10. Natural selection cannot through use maintain multiple homeostatic mechanisms
Natural selection is the separation of each generation of a reproducing population into two groups: those that survive to reproduce, and those that don’t. Like a simple sieve, it selects according to a 2-point scale—retain, and discard; it cannot discriminate between creatures more finely than that—see below, Schrodinger (1944). Because such a “fitness” sieve can’t select for more than one aspect of fitness at a time, it will select for only the single most critical factor. But maintaining living creatures far from chemical equilibrium with the environment involves managing and driving multiple processes and factors simultaneously. Complex living creatures therefore cannot evolve through the operation of natural selection alone.
9. Natural selection reduces, cannot create, variation
With repeated operation, a mechanical sieve reduces variation. That’s all it can do. It cannot create variation. For it to continue to function, there must be an accompanying source of variation. Mutation—damage to the “particles” of inheritance that natural selection discriminates between—has been proposed as the primary source of new variation for natural selection to act on. Collectively, however, mutations impair fitness, so a species burdened with mutation will be at a selective disadvantage compared to creatures not suffering mutation occupying the same niche. Given the extraordinary ability of chromosomes to repair themselves, if significant variation exists it is possible it arose and is maintained through some other mechanism than random mutation. One can of course create variation artificially by damaging genes, but that doesn’t prove that most natural variation is caused the same way.
8. Mathematical support for natural selection is lacking
In an essay titled “The Limitations of Evolutionary Theory” John Maynard Smith wrote (1989), “It is possible to measure mutation rates in very special circumstances in some microorganisms…. But in most situations, mutation rates cannot be measured…” Of mutation, selection, and migration between populations he writes:
Thus we have three processes which we believe to determine the course of evolution, and we have a mathematical theory which tells us that these processes can produce their effects at levels we cannot usually hope to measure directly.
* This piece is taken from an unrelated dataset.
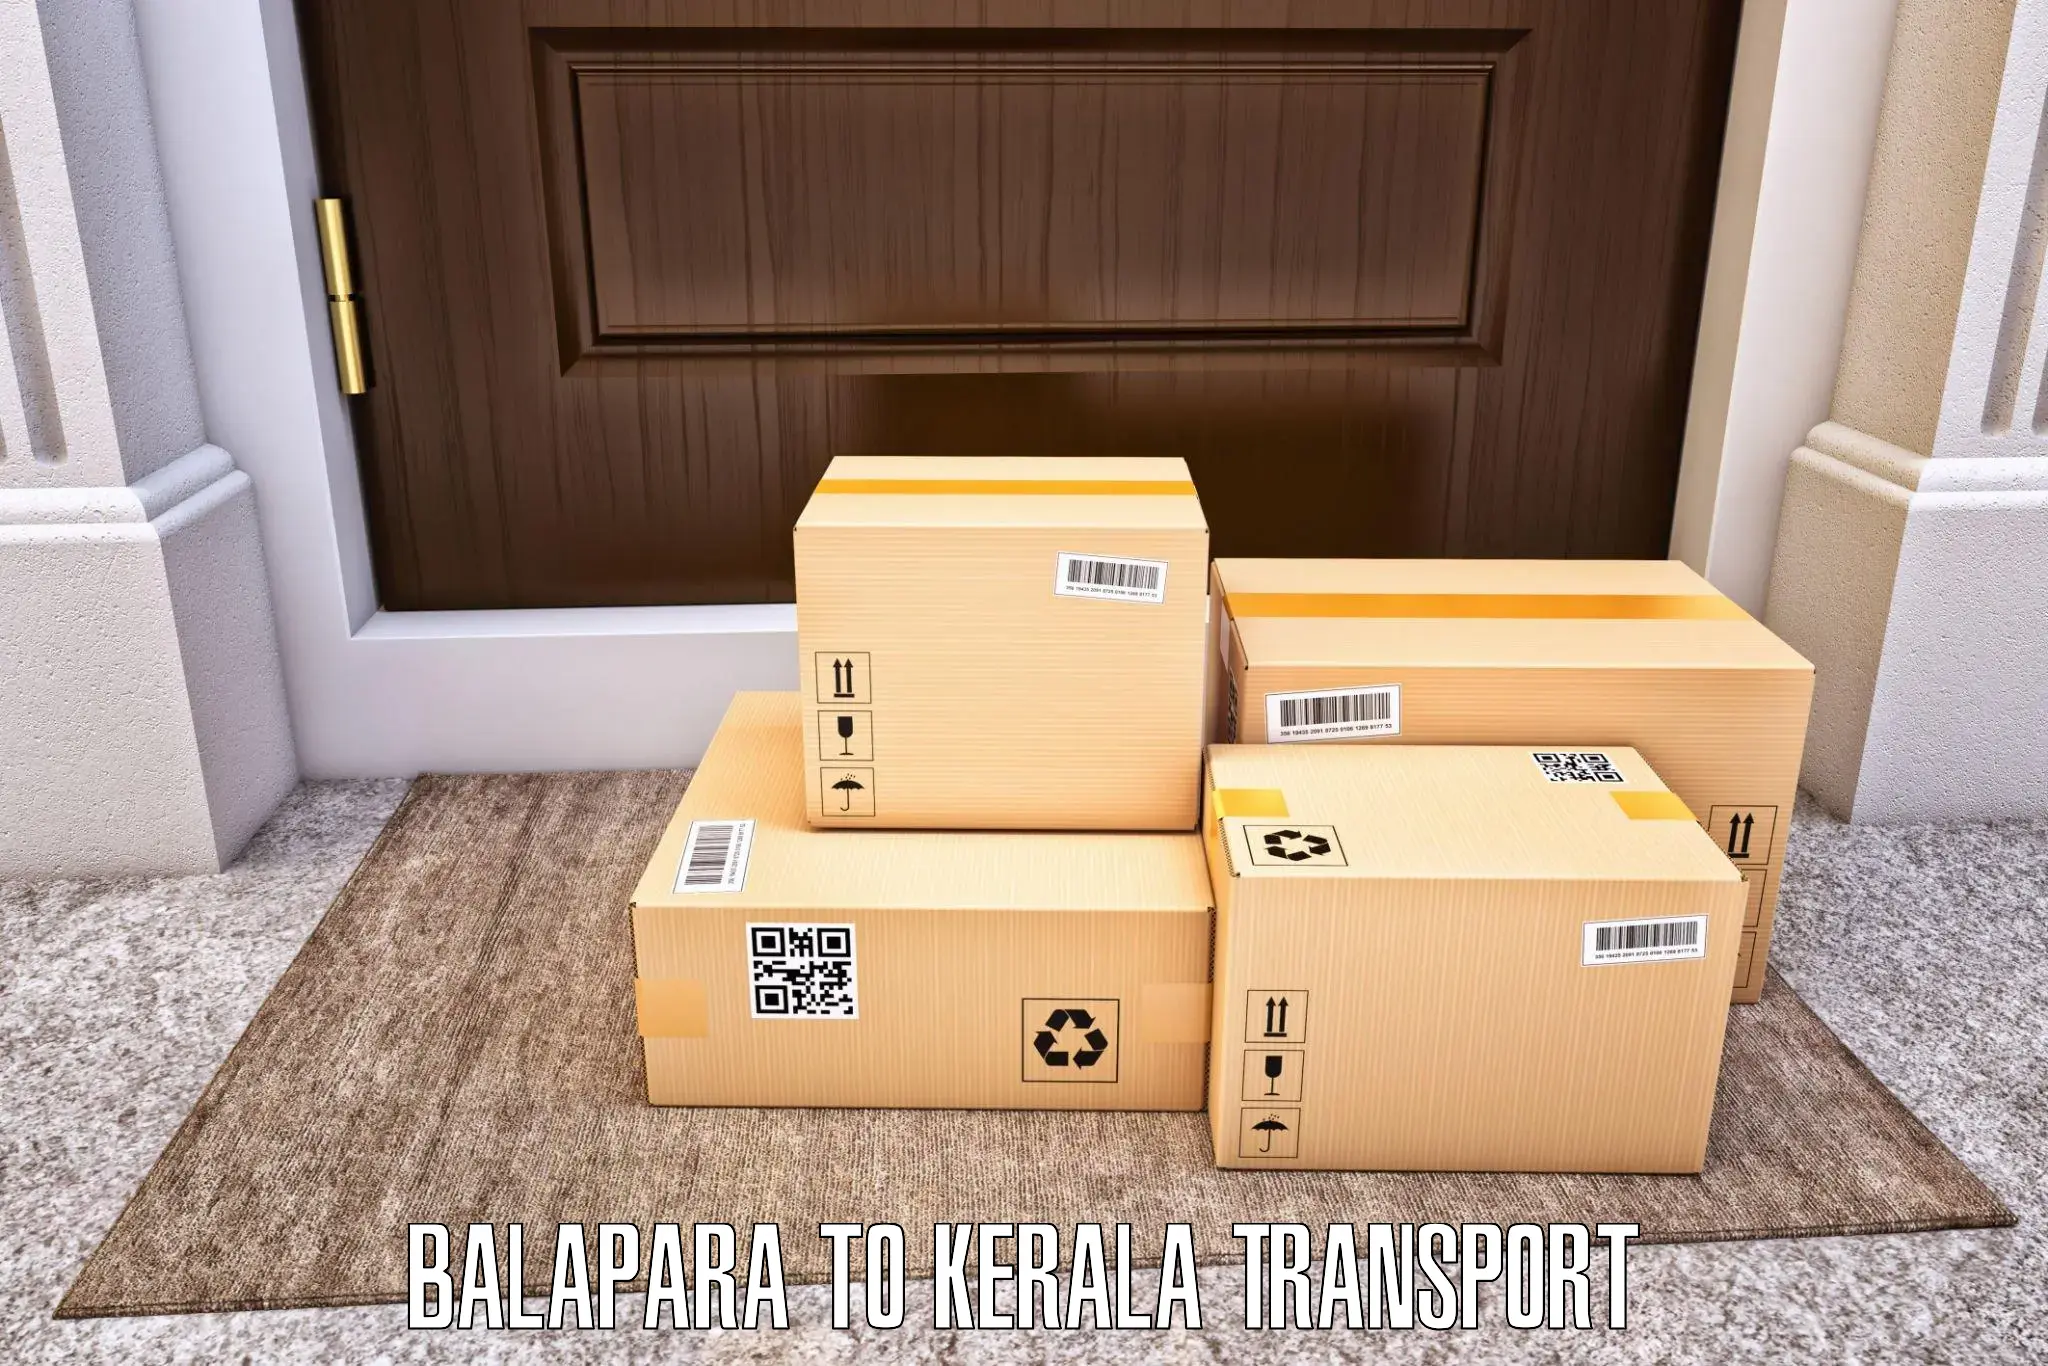 Land transport services Balapara to Manjeshwar

It is as if we had a theory of electromagnetism but no means of measuring current or magnetic force…. It means that we can think up a number of possible evolutionary mechanisms, but find it difficult to decide on the relative importance of the different mechanisms we have conceived…
If the mutation rate is doubled, does this double the maximum rate at which a species can evolve? [The question has no simple and agreed answer, he says.] But my reason for raising the question….was to make the point that a theory of evolution which cannot predict the effect of doubling of one of the major parameters of the process leaves something to be desired.
In summing up he says,
It is rarely possible in evolutionary theory to think of a single decisive experiment or observation that will settle a controversy.
Pigliucci & Kaplan (2006) issue similar cautions. They point out, for example, that current statistical techniques cannot distinguish between natural selection and drift.
7. Natural selection cannot select for gene clusters
In What is Life? (1944) by the physicist Erwin Schrodinger, one of the founding documents of molecular biology and credited by both James Watson and Francis Crick with inspiring their discovery of the DNA double helix, the author begins a section titled “The Necessity of Mutation being a Rare Event” with:
This brings out one very important point. In order to be suitable material for the work of natural selection, mutations must be rare events, as they usually are… It is essential that they be introduced one at a time, while all the other parts of the mechanism are kept constant.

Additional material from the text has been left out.